I have a cgi webapp running on Apache. The app has a webpage where an administrator can send one or more emails to club members. The mails all get sent perfectly, but the progress feedback shown to the administrator is unreliable. Testing locally by running the app from the IDE always works perfectly, but when the production cgi app is run on remote server, the administrator (who can be located anywhere in the world) sometimes sees “stuck” progessbars, and label-based status text which has not appeared at all, or has appeared, but not updated - but sometimes it all works perfectly!
First Code scenario:-
“send” button placed in WebContainer (itself placed on webpage), calls a “SendMyMailNow” method of the webcontainer. The method sets the ProgressBar parameters and Status Label text, then sets those objects to .visible = true, then the same method provides data to a SMTPSecureSocket object (which is placed as a Control of the WebPage in the IDE design). The method then calls the SendMail function of the socket. The socket’s “MessageSent” event is then used to update the ProgressBar and Status label text. The “MailSent” event is used to clear the status label text and to set ProgressBar.Visible to False.
Second Code scenario:-
Same as above, except that the “SendMyMailNow” method does not call the socket’s .SendMail function directly, but instead, calls a Thread.Run (where the Run event simply contains one statement: “MySMTP.SendMail”).
Both scenarios produce identical results.
Is there a better way to ensure reliable UI feedback, regardless of browser latency, etc??
All advice gratefully received!
Remember: when an event comes to the server (like a button push) all of the commands that are executed in direct response to that event happen before any response is sent to the browser. It’s also worth noting that you need to keep track of which session the request came from. If there is more than one active, you could be sending the events to the wrong Session.
With the Thread… Are you using a timer to send progress to the browser?
The only other thing I can think of off the top of my head would be to use a helper app… A separate console app which communicates with the main app via IPCSocket. The advantage is that this app could run on a separate core, and won’t bog down the main app while it does its work.
Thanks for the ideas, Greg. Am I right to locate the SMTPSecureSocket object in the WebPage, or should I place it as a Property of the Session object. Does it actually matter?
Why does it work sometimes?
Another possible strategy could be to have the push button start a timer (to periodically poll the Socket for progress events), and then call a thread to execute the mail sending code. That should leave the button thread idle, and hopefully the server will send updates to the browser at each timer cycle?? If so, where’s the best place to put the Thread object?
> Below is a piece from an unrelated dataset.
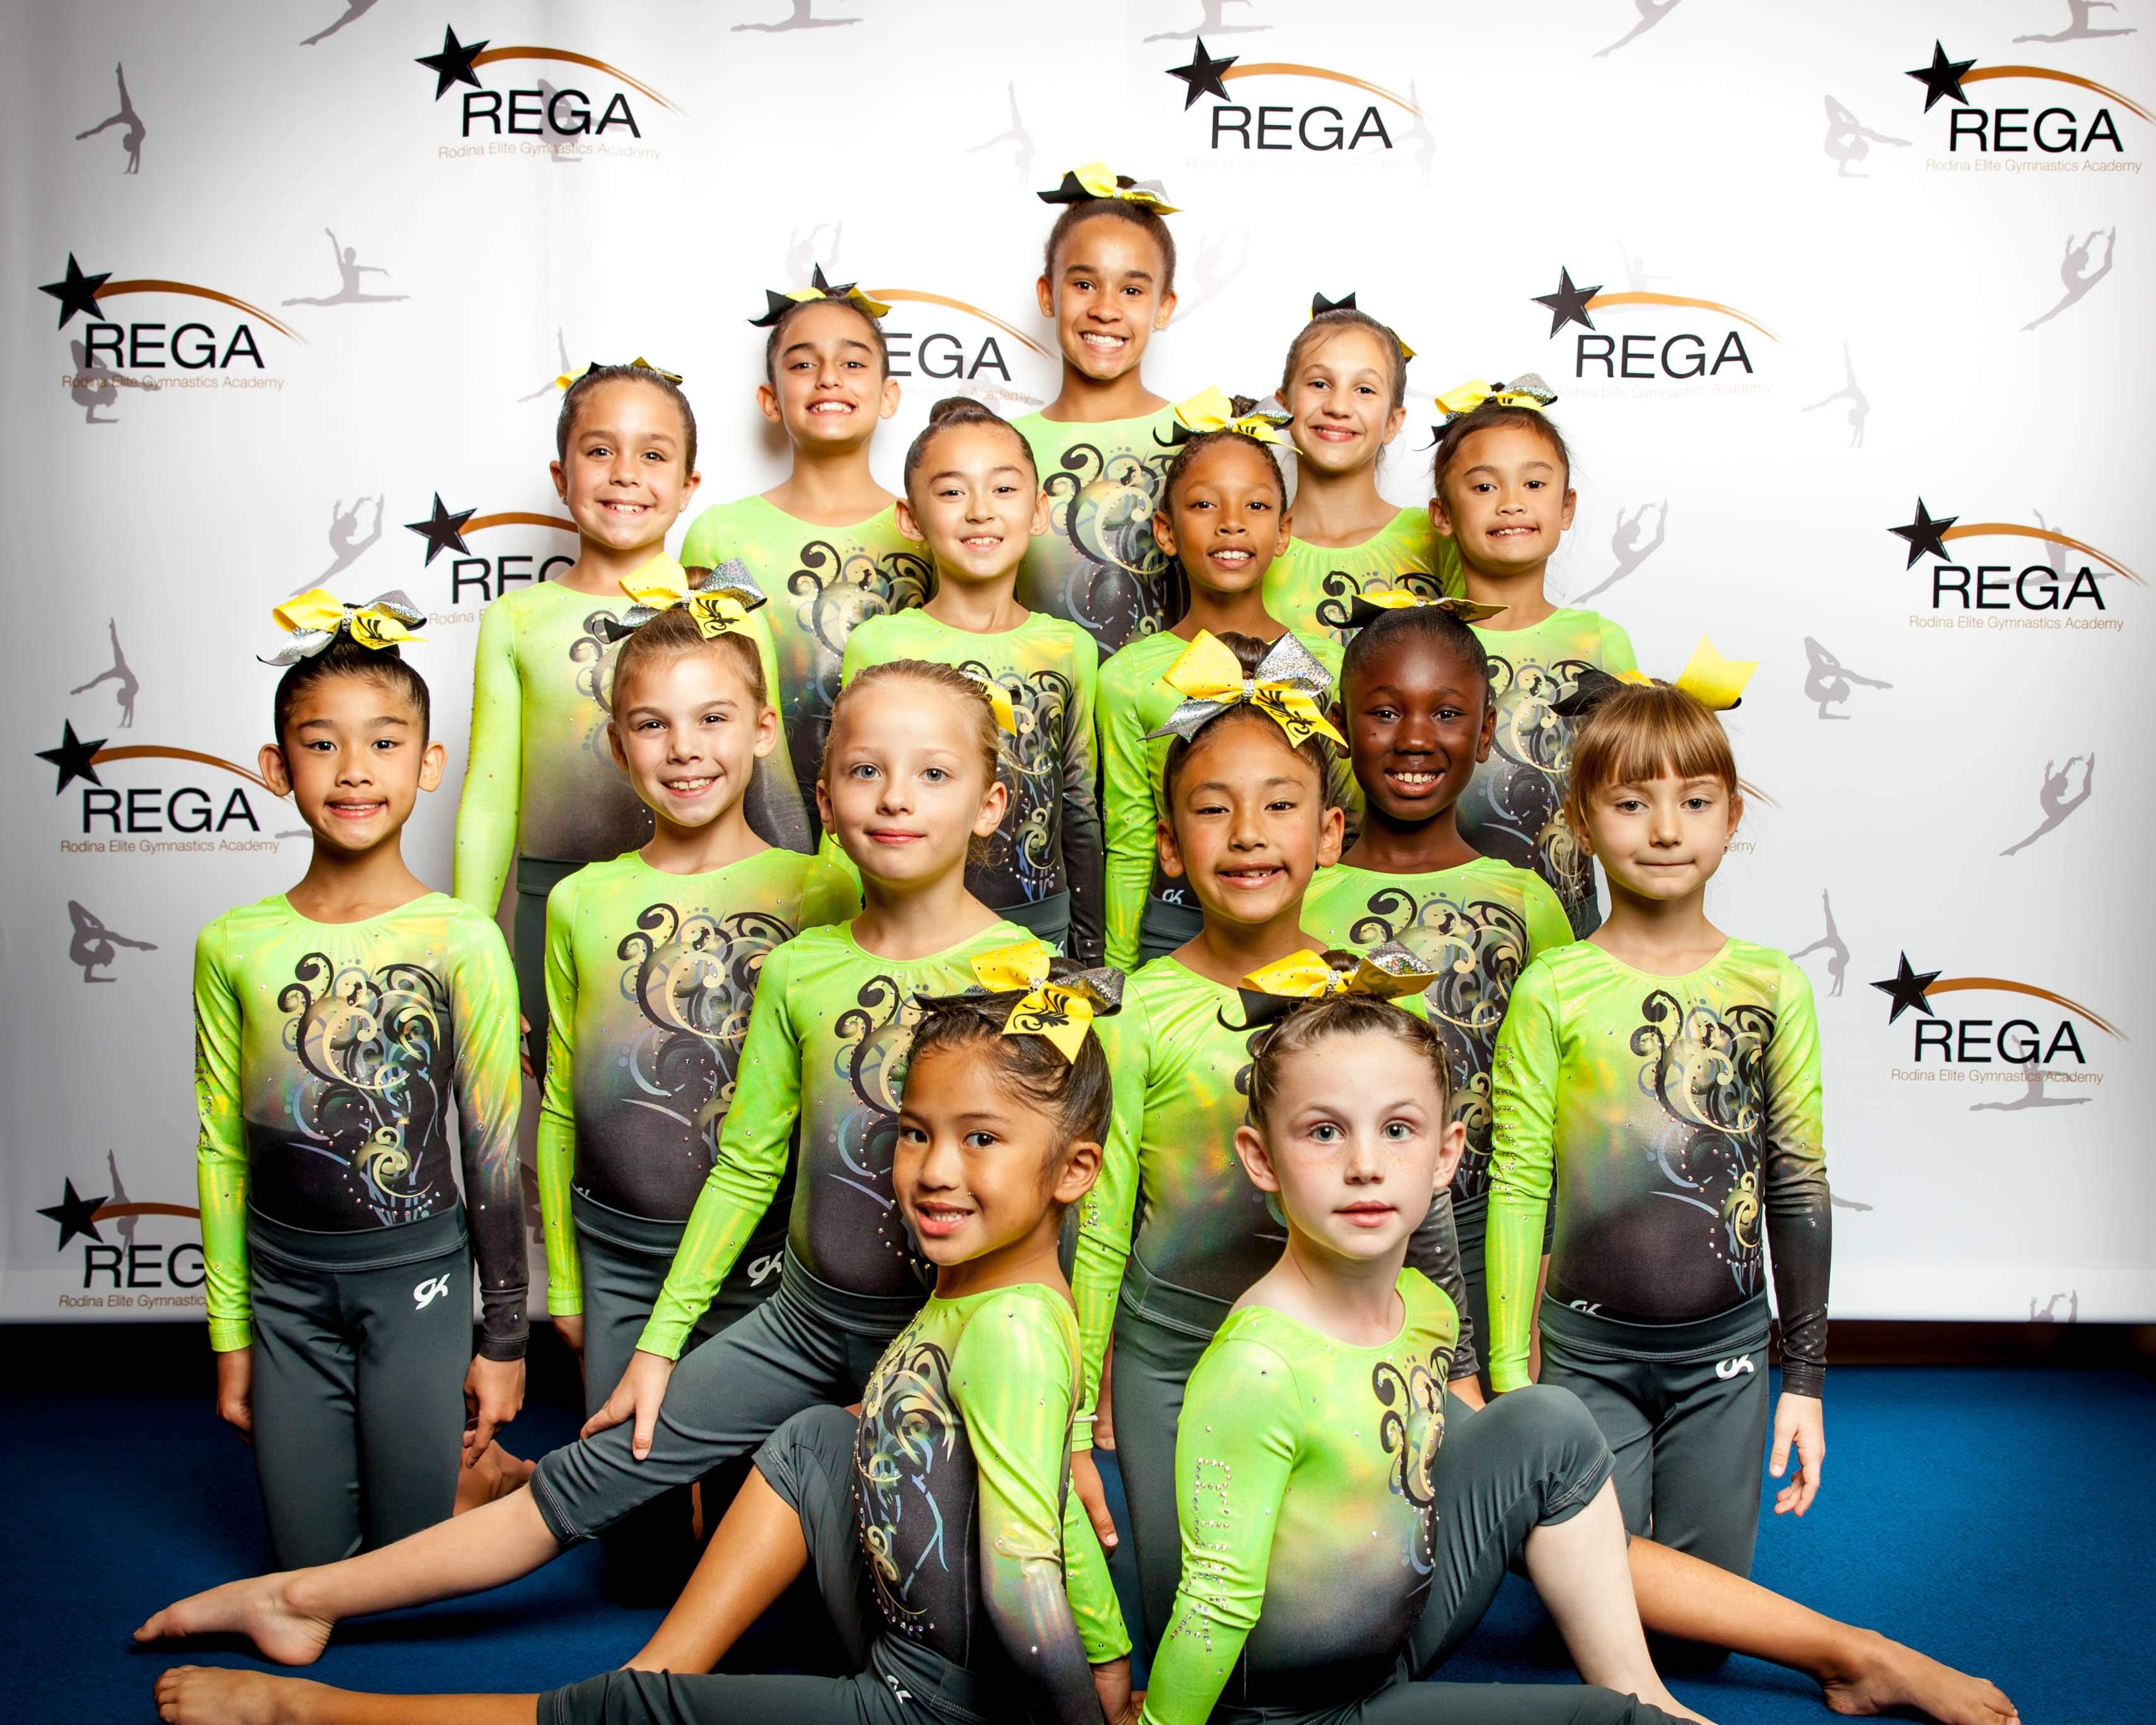 d4343518d223 2018 Level 3 State Meet - REGA - Rodina Elite Gymnastics Academy

Do WebPage objects behave differently to objects stored in the Session object?
I do a lot of sending updates that come in from external sources at random times. I dont think it matters where you store the references to the various sockets or such. When the events fire they will be in the main thread, not the thread that is servicing your web app. What are you doing to restore the session when you want to do an async update?
The technique for that has changed several times since the WE started and Im not sure what the proper way is now, but Im doing this and it works. In this case the code is in a callback in a WebContainer that contains the UI that Im trying to display:
dim Context as new WebSessionContext(app.SessionForControl(self.Page))
and after doing that I can now send changes to the controls. Its interesting, controls that get their info from the regular WE pipe to the browser do not require this before changing them. Controls like images however that generate a link back to the server themselves to get their display do, otherwise no changes are displayed. So I dont know if this directly overlaps your problem or not.
Well, I have implemented a rather simple solution which appears to work very reliably. Same setup as per my original First Code scenario noted above, but with the following mods:-
The “Send” button code not only calls the “SendMyMailNow” method, but also turns on a WebTimer.
The SMTPSocket’s various events (Error / MailMessageSent / etc…) no longer interact in any way with the UI, but instead, these events simply update various text or integer variables (stored as properties of the Session object).
The WebTimer simply polls those variables every 1 second, and uses that data to update the WebPage ProgressBar and status labels.
When all mails in the queue have been sent (or an error is reported), the WebTimer is turned off.
Seems to provide a realistic UI feedback, with progressbar updating smoothly as mails are being sent. (Even with the cgi server located on another continent!).